Working Towards the Ideal System
The information contained in this article is not intended as legal advice and may no longer be accurate due to changes in the law. Consult NHMA's legal services or your municipal attorney.
Alton is a town of just over 5,000 people located on the shore of Lake Winnipesaukee. Like all towns—big or small—Alton is always searching for ways to use technology to provide its citizens with more efficient services while keeping costs down.
To aid in this search, Alton brought on Josh Monaco, the town’s Information Technology (IT) Administrator. Josh is the perfect fit for this position, with his strong educational and practical experience in technology and his motivation to better his skills through continuing self-study in the field.
Although this IT Administrator spends the bulk of his time administering the network—maintaining the servers, running wiring, and making sure the network and the computers attached to it are up and running—Josh’s main objective is increasing system efficiencies. Here are some accomplishments—and tips for you—that Josh has gained through his quest to make Alton more technologically efficient:
Go virtual: When Josh first arrived, the town had ten physical servers running. This hardware created significant costs for maintenance, software, and operations. By virtualizing the servers and upgrading the software they were running, he was able to reduce the number of physical servers to two. This resulted in savings of both time and money, while providing an increased level of service to town residents.

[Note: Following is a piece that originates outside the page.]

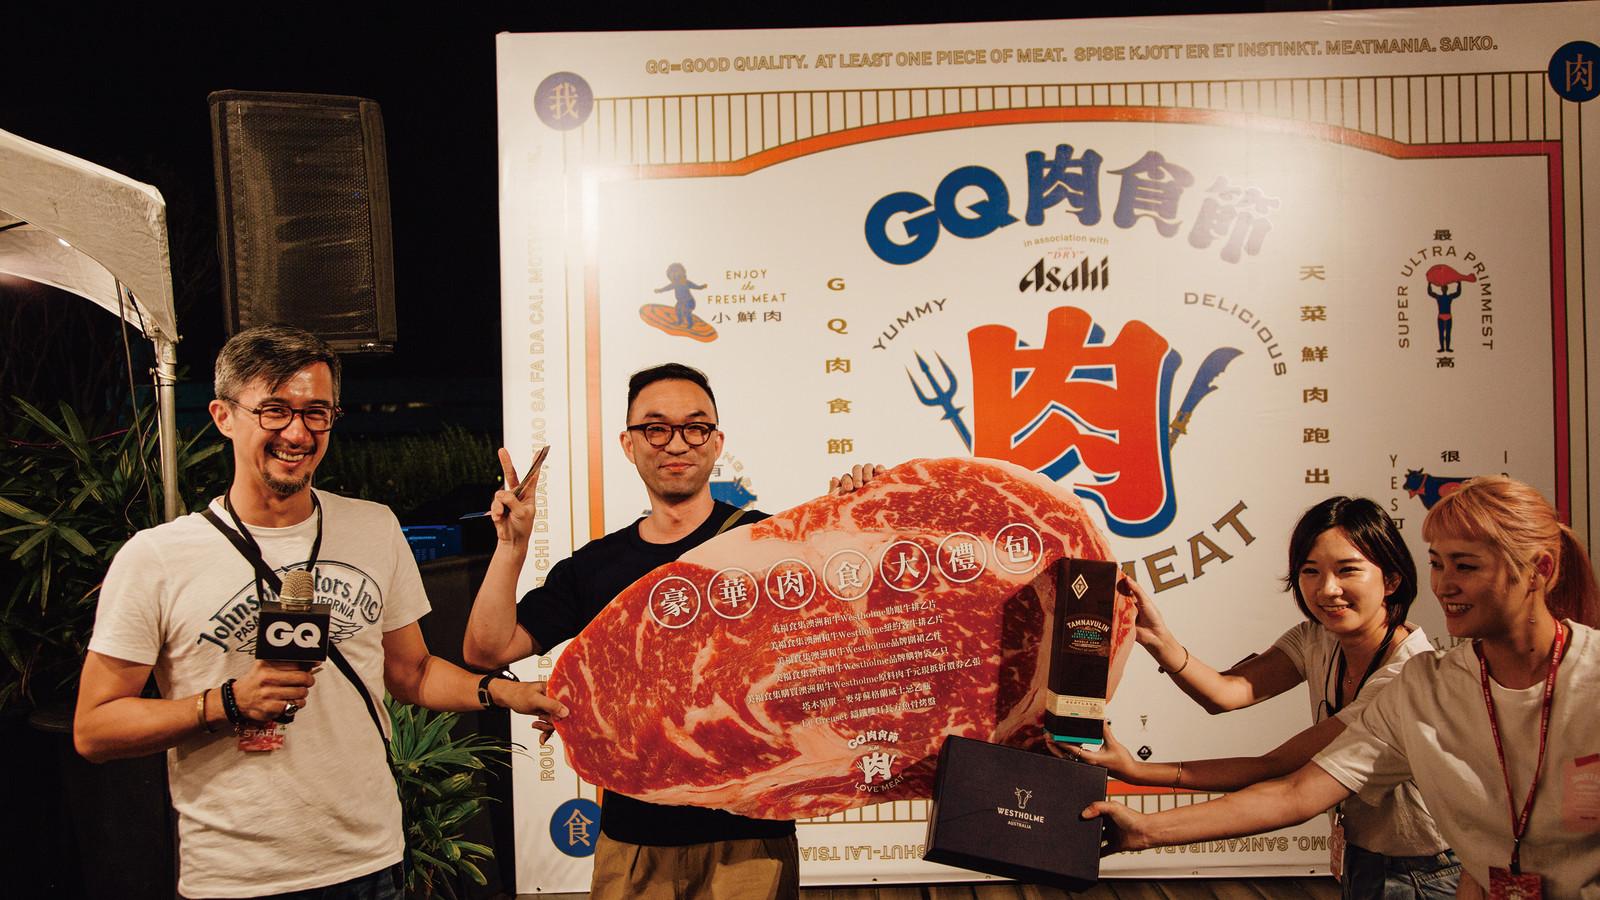 David meat - giles.heasman(何家樂) - Taiwan - GQ Meat Festival

Increase public safety: During 2014, Josh assisted the police department with a major upgrade of its systems, including installation of computer systems in the cruisers and updating the network.
Communicate better (and more securely): He also upgraded the town’s email system and was instrumental in policy changes to help avoid infection and in raising awareness of network security threats. Integrating open-source software saves money (and time) because there is no licensing fee, and the software can be “tweaked” if necessary for a specific implementation while simplifying processes.
Don’t be afraid of trial and error: Josh convinced town staff to try a one week trial of OpenOffice, free software that takes the place of MS Office. However, after the week was over, he decided to revert back to MS Office because people wanted to stick with what they were familiar with. Trial and error can be necessary to determine what works best for your town, and you must take into account the needs of your staff and the practicality of training employees on new software.
Do your research: The OpenOffice trial did not discourage Josh from looking for more open-source solutions, and he continues to look for a program that might better suit Alton. In fact, he is currently very excited about a software package he is investigating called X2Engine, which is a Customer Relations Management (CRM) system. Josh feels that by making a few adjustments, this software could be used for complaint management, service requests, and tracking, as well as a document repository. Although the software would need to be installed on a different type of server (a Linux server), Josh says he has the knowledge to set up and maintain it, without requiring outside help, thus creating no additional costs to the town.
Keep Updating: Since he works by himself, Josh has continued adding to his skill set as the need arises. He is currently doing some upgrades to the town’s website and has learned HTML and CSS to facilitate this process. And if you feel like there is an absence of software designed to assist smaller municipalities, you are not alone: although this sometimes frustrates Josh, he takes it in stride and keeps learning and updating his knowledge so that he can keep improving the town’s efficiency. For example, he is presently looking for a solution for code enforcement and laments that he has yet to find one at a reasonable cost without a multitude of features that are unnecessary for a small municipality. On the other hand, Josh may have finally found a more efficient and streamlined system for cemetery records management through as program called Pontem.
Josh is a member of the NH LoGIN (Local Government Information Network), an affiliate group of the New Hampshire Municipal Association, whose goal is sharing information with other communities to help everyone save time and money. As you might imagine, Alton town employees frequently sing his praises, including Assessor Tom Sargent, who knows he can get a problem fixed within a reasonable time if he calls on Josh for assistance.
Importantly, Josh credits Town Administrator Russ Bailey with his success by supporting Josh’s quest to find better technology solutions for Alton. Of course, it also helps that Josh truly enjoys his work. But, above all, it is probably Josh’s lack of satisfaction that keeps him improving and working to create an “ideal system” for Alton.
Dean E. Shankle, Jr., Ph. D, is treasurer of NHLoGIN, an affiliate group which has helped government officials and employees from all over New Hampshire collaborate with each other for over 13 years. Mr. Shankle also serves as town administrator in the Town of Hooksett.